> _Available data_:
▽

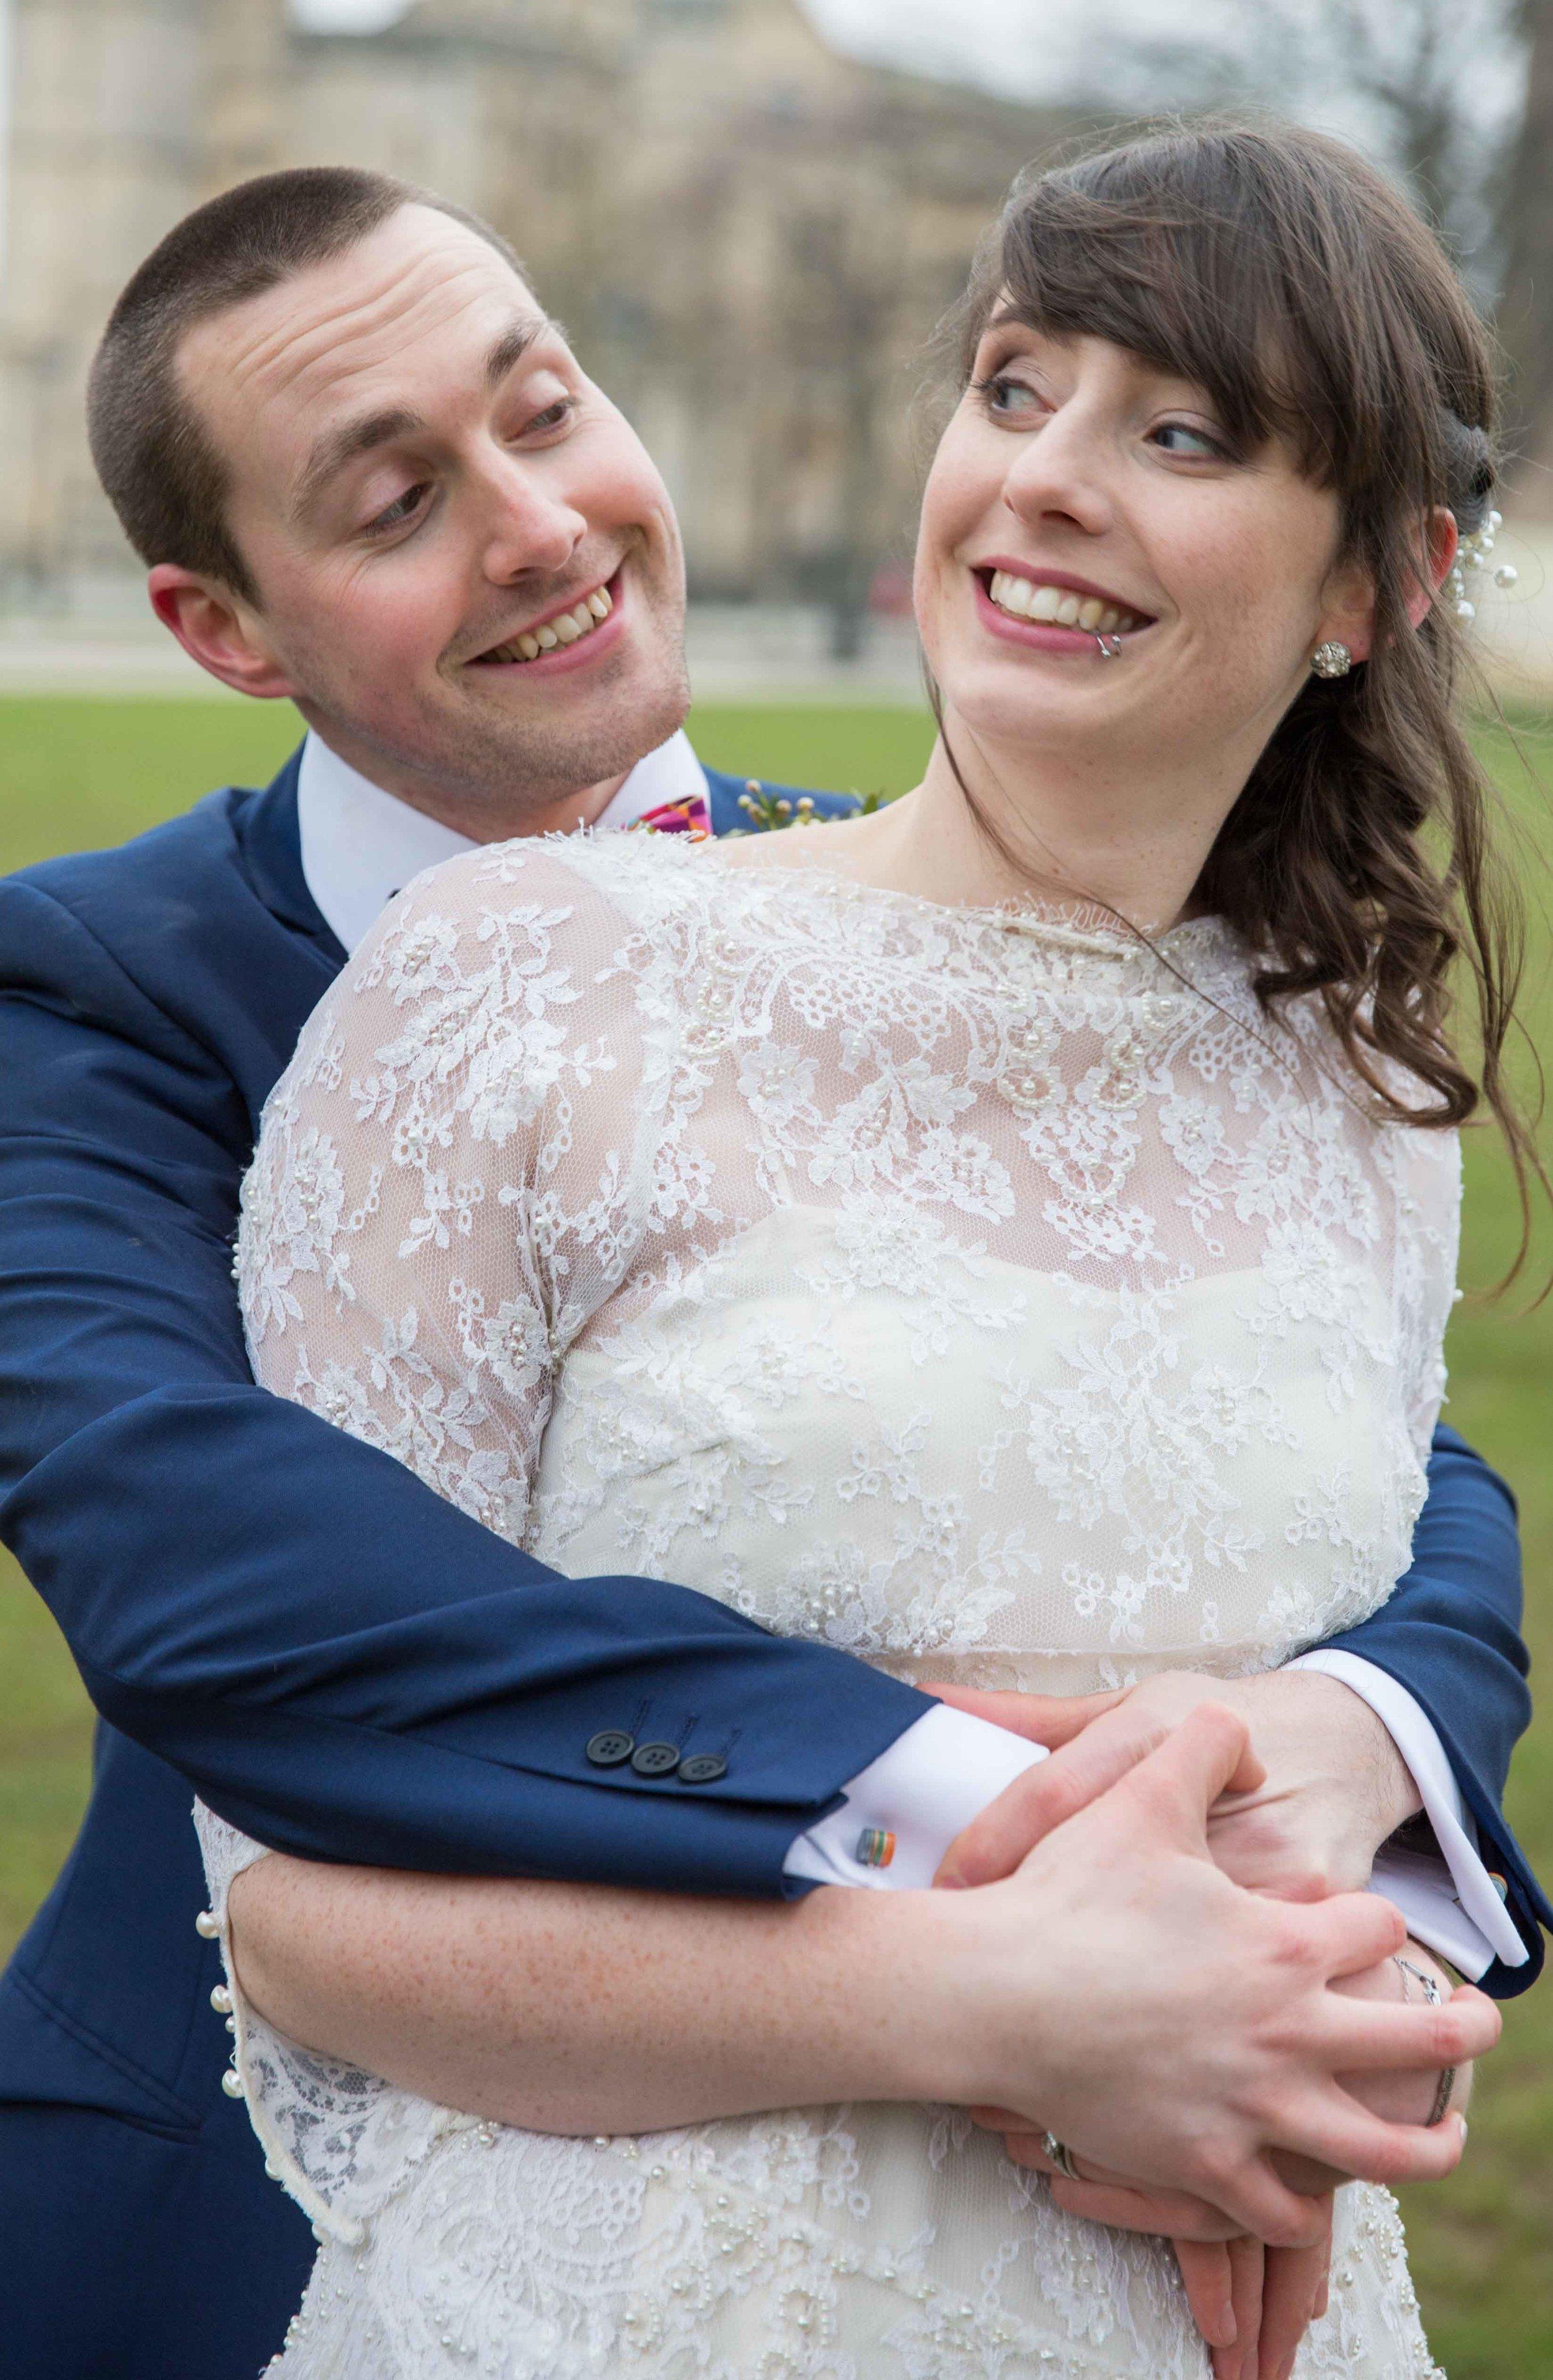 Adam & Faye - Wright Wedding Photography - Bristol Wedding Photographer -282.jpg
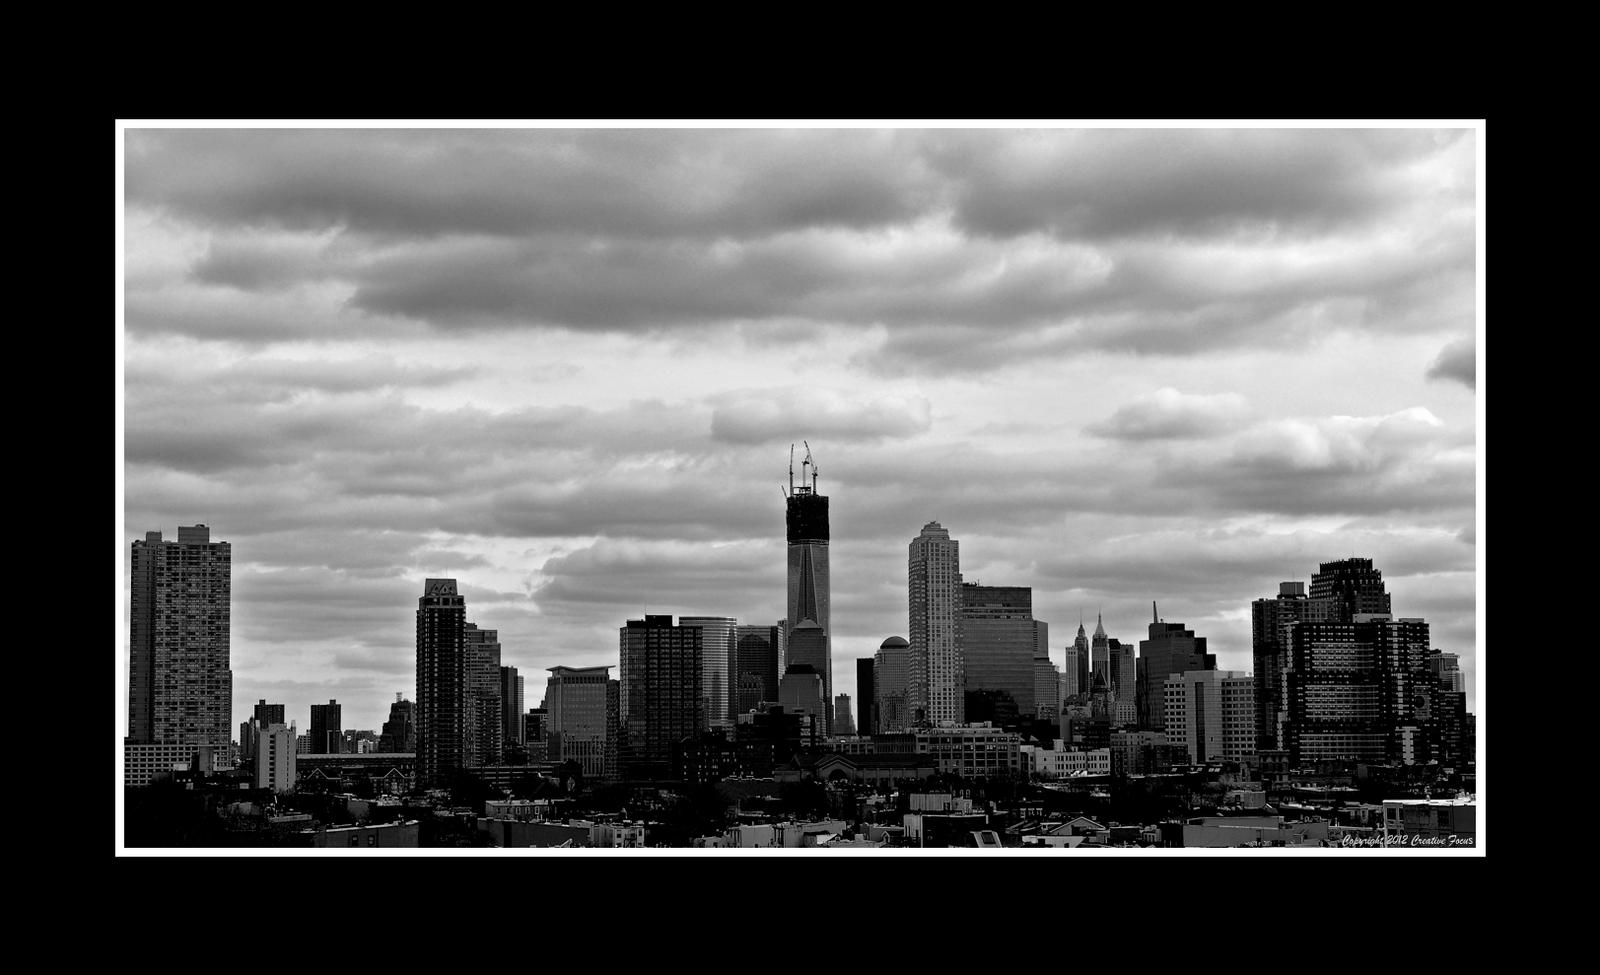 December City by Trippy4U
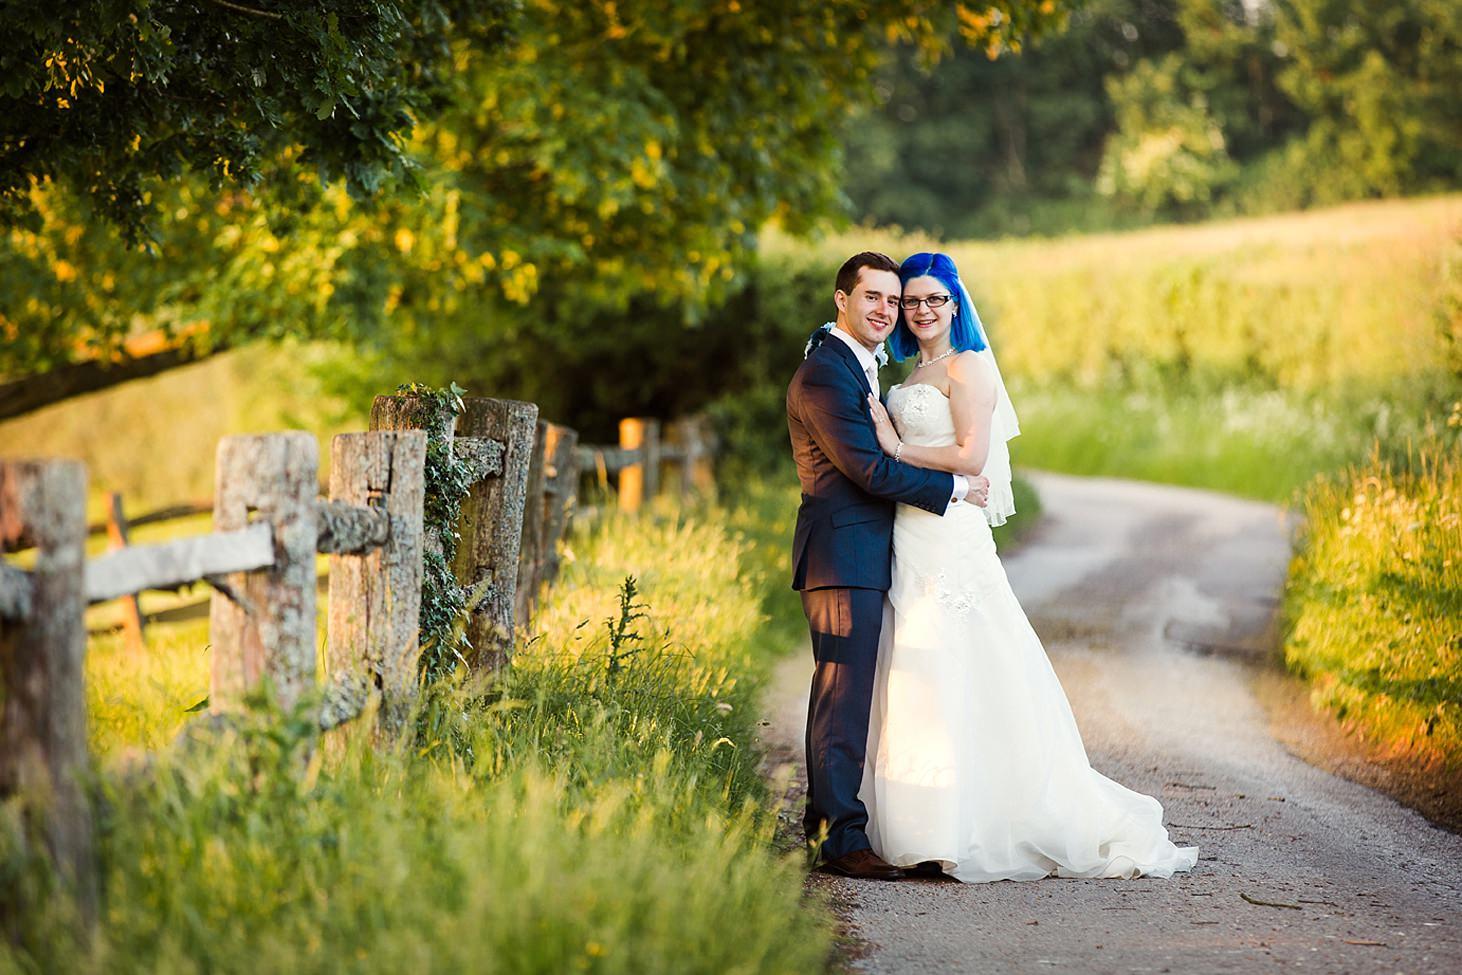 gate street barn wedding photography bride and groom portrait by gates
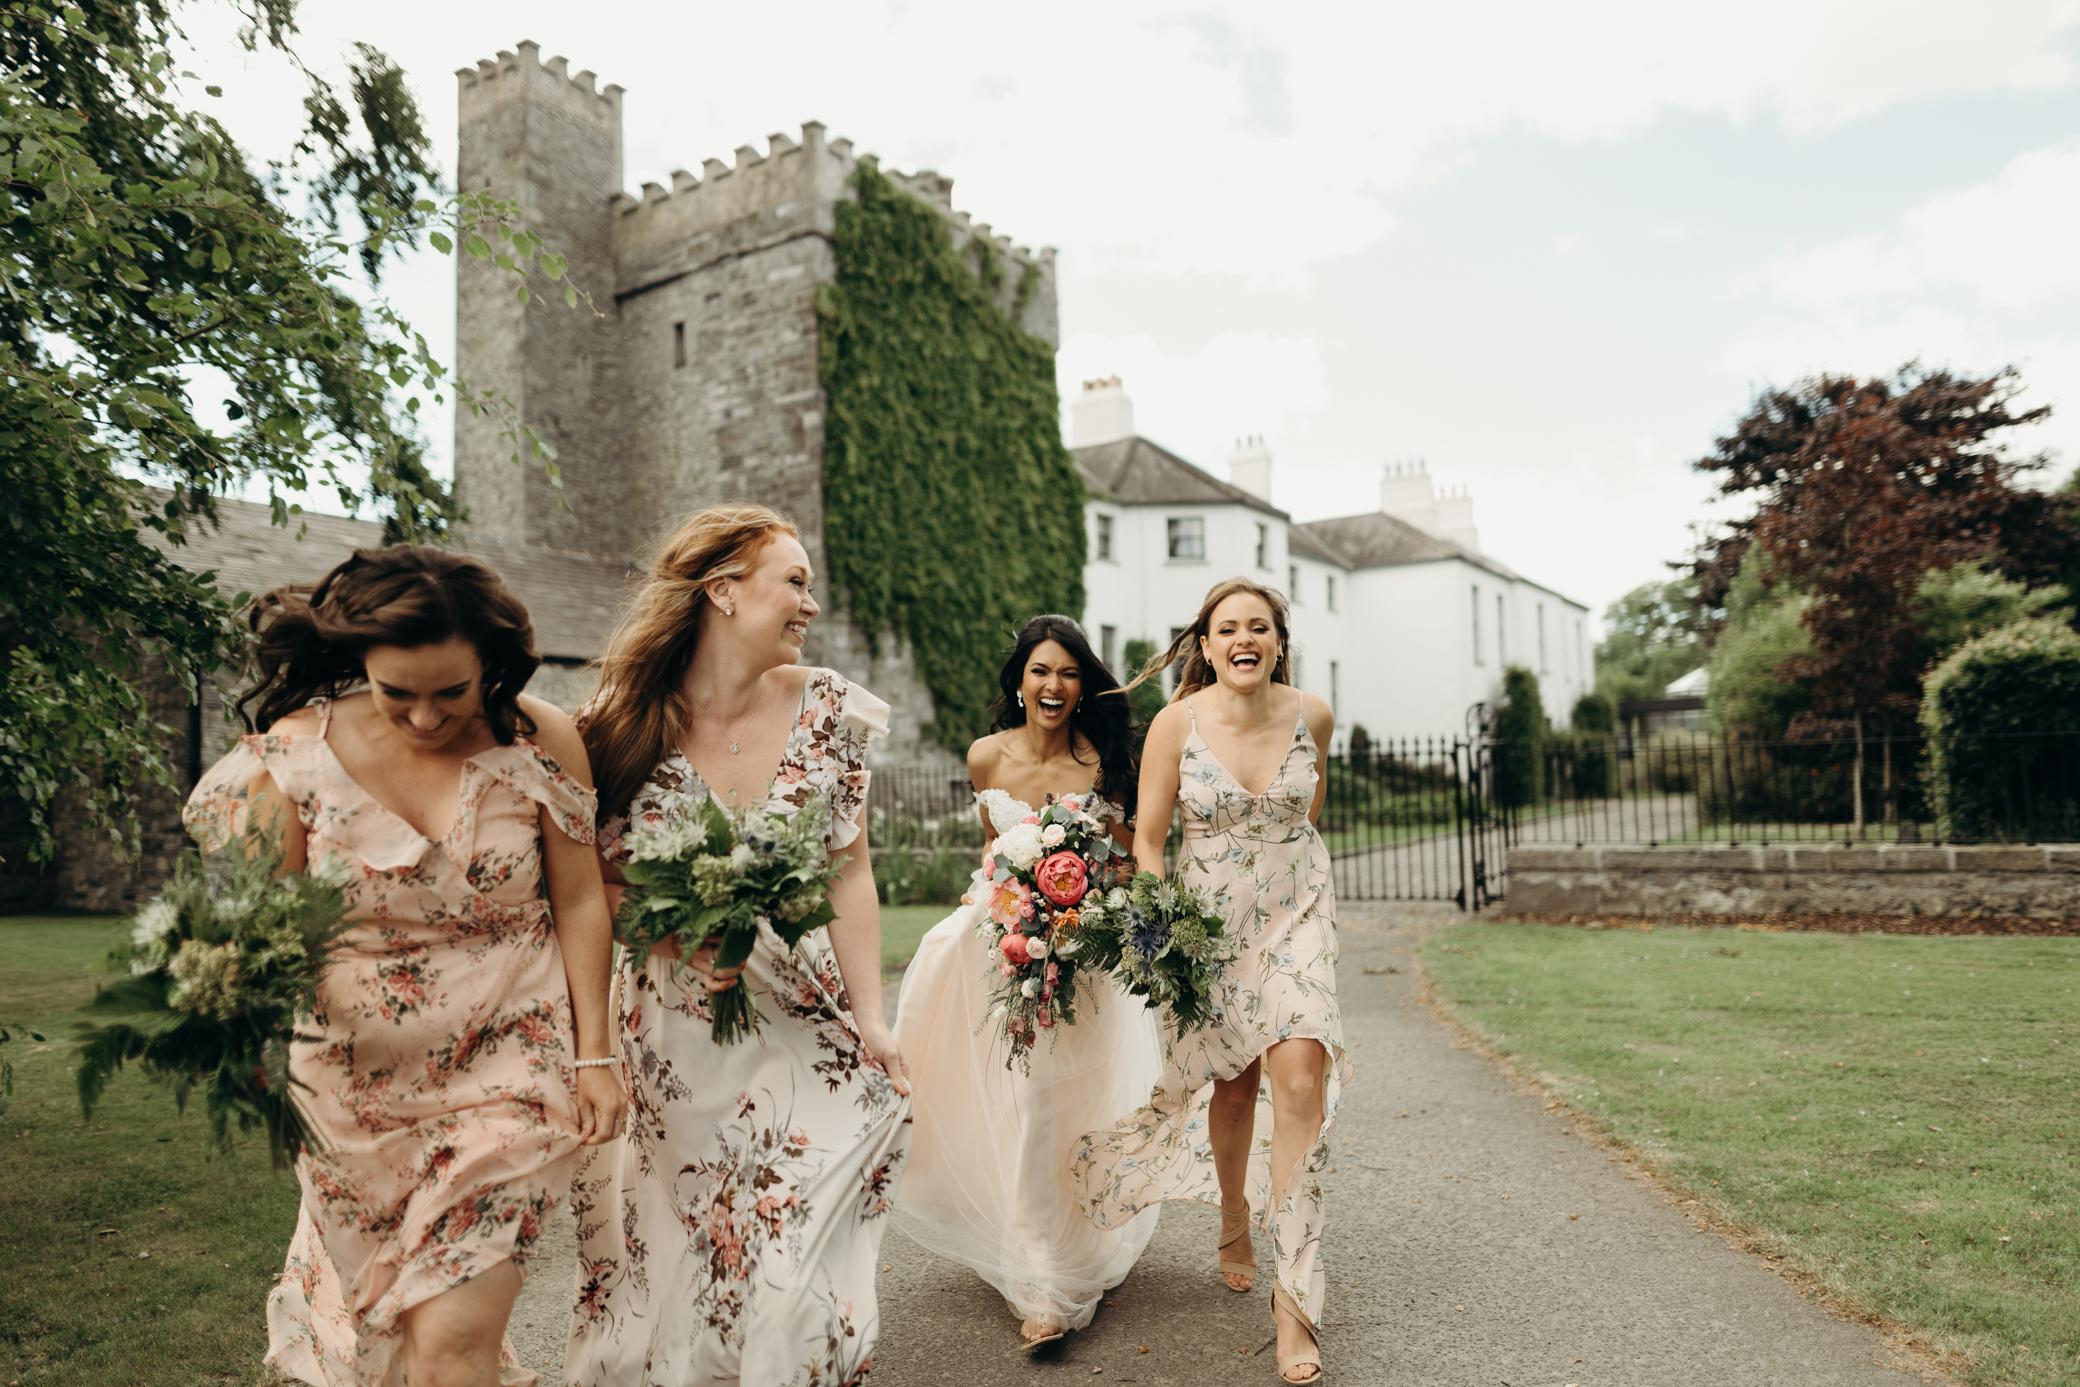 Alan&Naz- Barberstown Castle Wedding - Wedding photographer Ireland-112.jpg

△

> _Goal of the exercise_: Your answer must be an exact copy of the lines from the one with "December City by Trippy4U" through the final line of the data, both included, without any pictures.

> _Final answer_:
 December City by Trippy4U
 gate street barn wedding photography bride and groom portrait by gates
 Alan&Naz- Barberstown Castle Wedding - Wedding photographer Ireland-112.jpg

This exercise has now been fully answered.